Хрящ не выказывал особого предпочтения никому из обитателей нашего поселка, но явно питал слабость к пьяницам. Заслышав издали даже самых заурядных выпивох, он тотчас вылезал из‑под дерева, где дремал в тени, или из иного убежища и радостно присоединялся к веселой компании. Он шел за гуляками по длинным, извилистым улицам, восторженным лаем встречал каждый, прямой ли, спотыкливый ли, шаг, и при этом во взгляде его вовсе не замечалось недоверия, с каким он всегда относился к людям трезвым и здравомыслящим. Даже в ответ на грубые заигрывания он и не думал рычать и огрызаться, а лицемерно притворялся, будто ему это по душе; я уверен, что он даже позволил бы привязать к своему куцему хвосту консервную банку, лишь бы привязывала ее нетвердая рука, лишь бы голос, который уговаривал бы его «лежать смирно и не кочевряжиться», звучал сипло от спиртного. Он дружески провожал пьяниц до салуна, дожидался их за дверью) высунув язык и прямо‑таки ухмыляясь от удовольствия ничуть не протестовал, когда они о него спотыкались и вприпрыжку бежал впереди, нимало не обижаясь, когда заплетающийся язык бросал вдогонку ругательства, а неверная рука — камни. А потом он провожал их до дома либо валялся с ними рядом где‑нибудь на перекрестке, пока люди добрые не разводили всех по хижинам. После этого он и сам бойкой рысцой отправлялся в свой любимый уголок за печкой в салуне и всем своим чуточку смущенным видом словно говорил: да, конечно, я не был паинькой, зато повеселился вволю!
Мы так и не могли понять, чем он тут больше всего наслаждался: просто ли среди личностей физически и духовно неполноценных он чувствовал себя в безопасности, или ему приятен был откровенный порок, или в подобные минуты он злорадно упивался сознанием своего нравственного превосходства. Но большинство склонялось к мысли, что как истинно рыжий пес он питал родственные чувства ко всему низменному. В этой мысли нас утверждало и еще одно проявление его собачьей натуры — уж очень он любил притворяться и подлаживаться.

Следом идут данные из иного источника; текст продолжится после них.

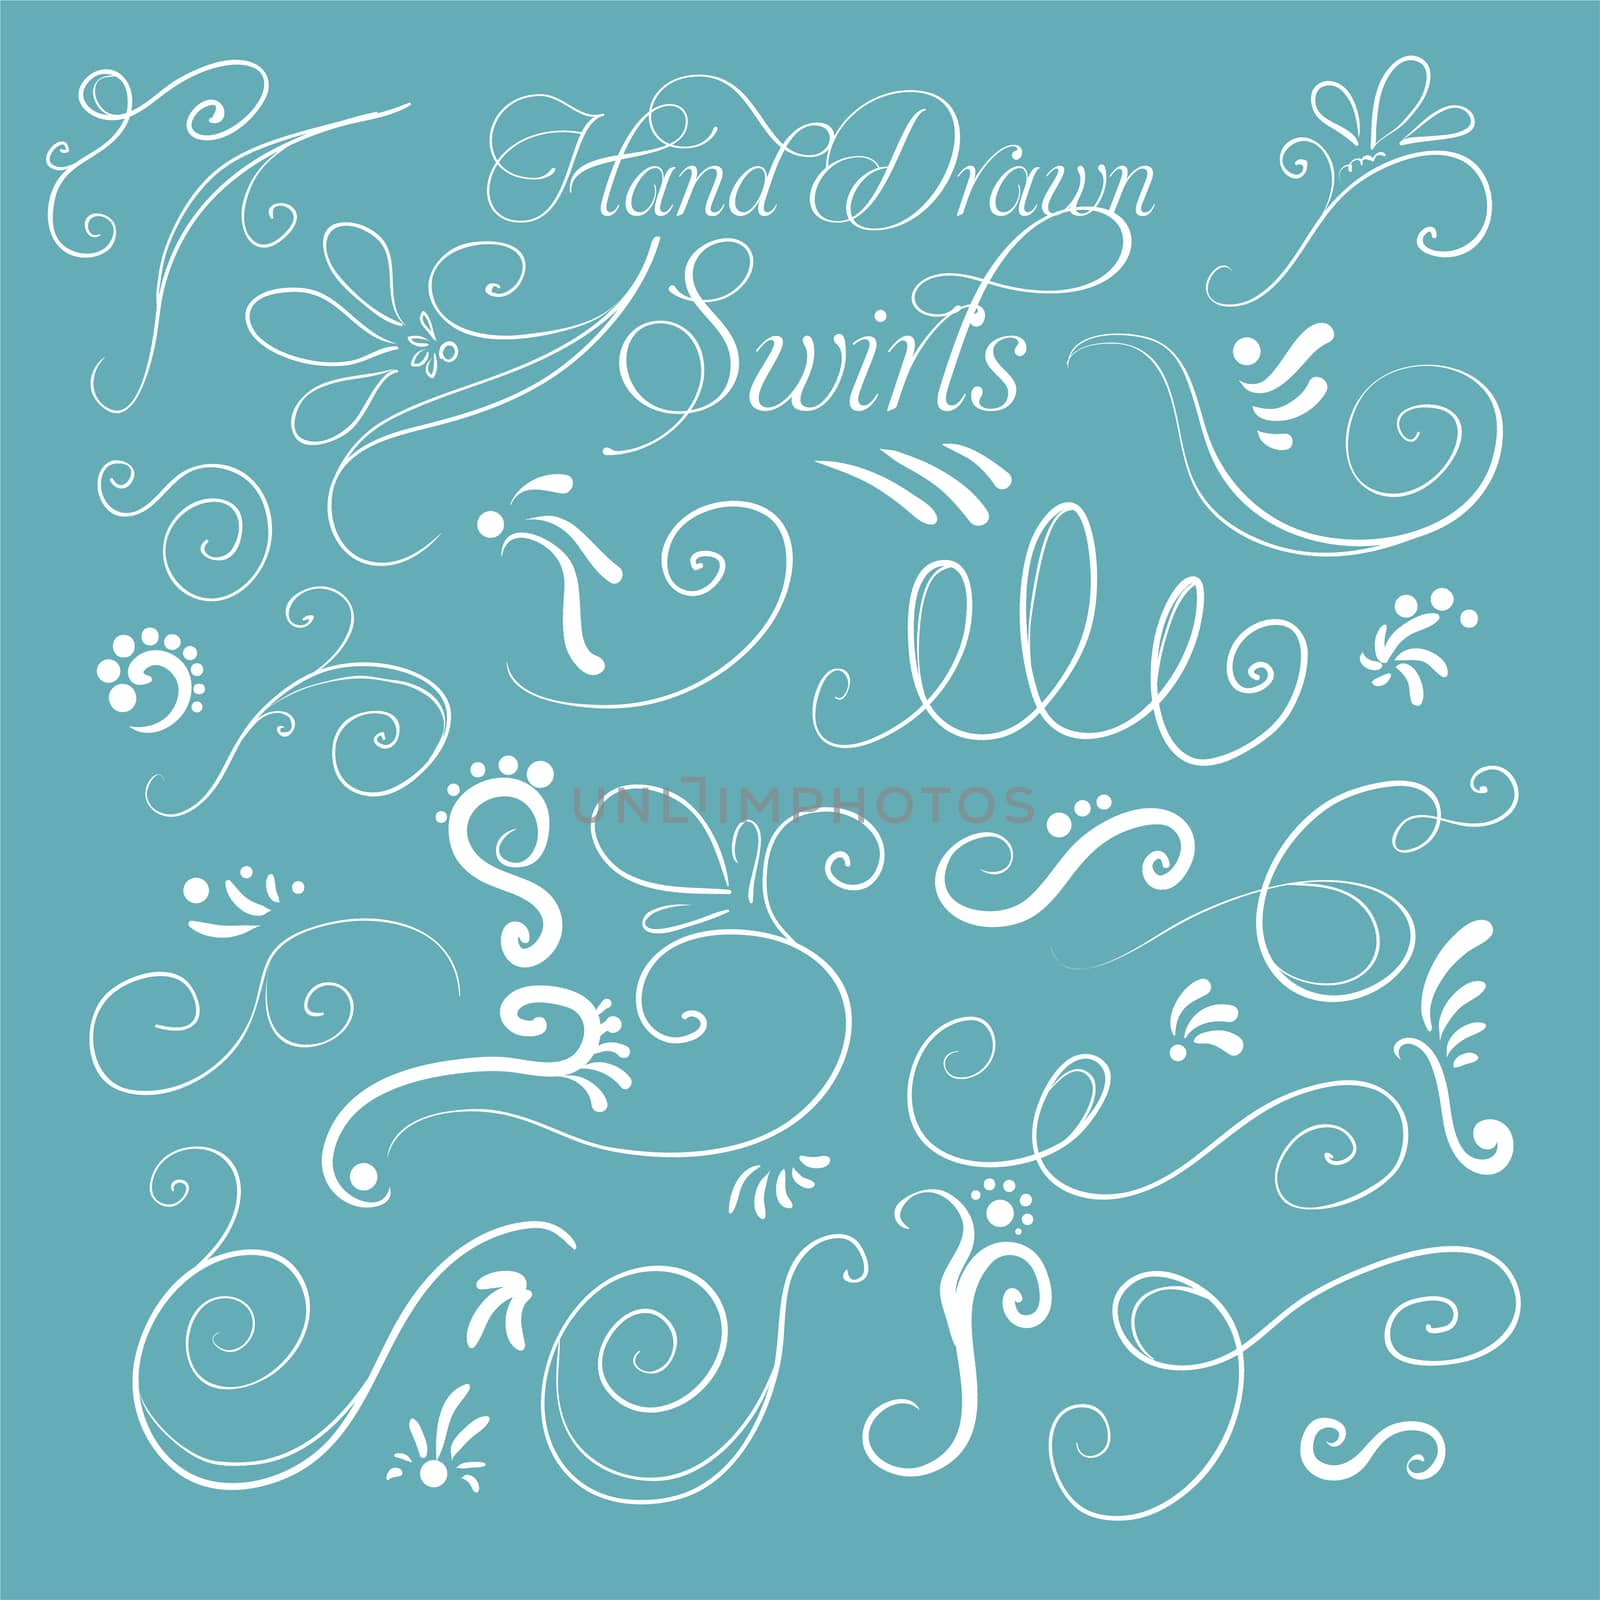 Set of decorative swirls hand-drawn on a turquoise background for your design. illustration

Одно время почетный пост главного пьяницы в нашем поселке занял дядюшка Билли Райли, и Хрящ сразу же стал дарить его вниманием и заботой. Он повсюду сопровождал дядюшку Билли, сворачивался клубком у его ног или в головах (смотря по тому, как расположился в эту минуту сам Билли); больше того, скоро и в его собственных привычках и даже в его наружности стали замечаться престранные перемены. Еще недавно деятельный, неутомимый следопыт, вечно рыскавший в поисках пропитания, дерзкий и неуловимый мародер, он вдруг сделался ленив и ко всему равнодушен; суслики ныряли в свои норы под самым его носом, и он не кидался, как прежде, яростно рыть землю в надежде их оттуда выудить; белки скакали в какой‑нибудь сотне ярдов от него, насмешливо помахивая хвостами, а он и ухом не вел; он уже не спешил схоронить свои любимые кости и хрящики в обычных тайниках, и они понапрасну сохли на солнцепеке.
По мере того, как наливались кровью глаза и превращалась в лохмотья одежда его нового приятеля, тускнели и его глаза, и рыжая шерсть уже не лоснилась; прежде он устремлялся прямо к цели, как стрела, а теперь на бегу как‑то вилял из стороны в сторону, и нередко можно было видеть, как эта парочка взбиралась в гору бок о бок одинаково неверными шагами. Иной раз уже по одному виду Хряща можно было безошибочно судить о «градусе» его временного хозяина, хотя сам дядюшка Билли и не показывался.
— Видно, старик нынче порядком нагрузился, — скажет, бывало, кто‑нибудь, заметив, что у бредущего мимо Хряща больше обычного заплетаются лапы и выражение морды уж вовсе дурацкое.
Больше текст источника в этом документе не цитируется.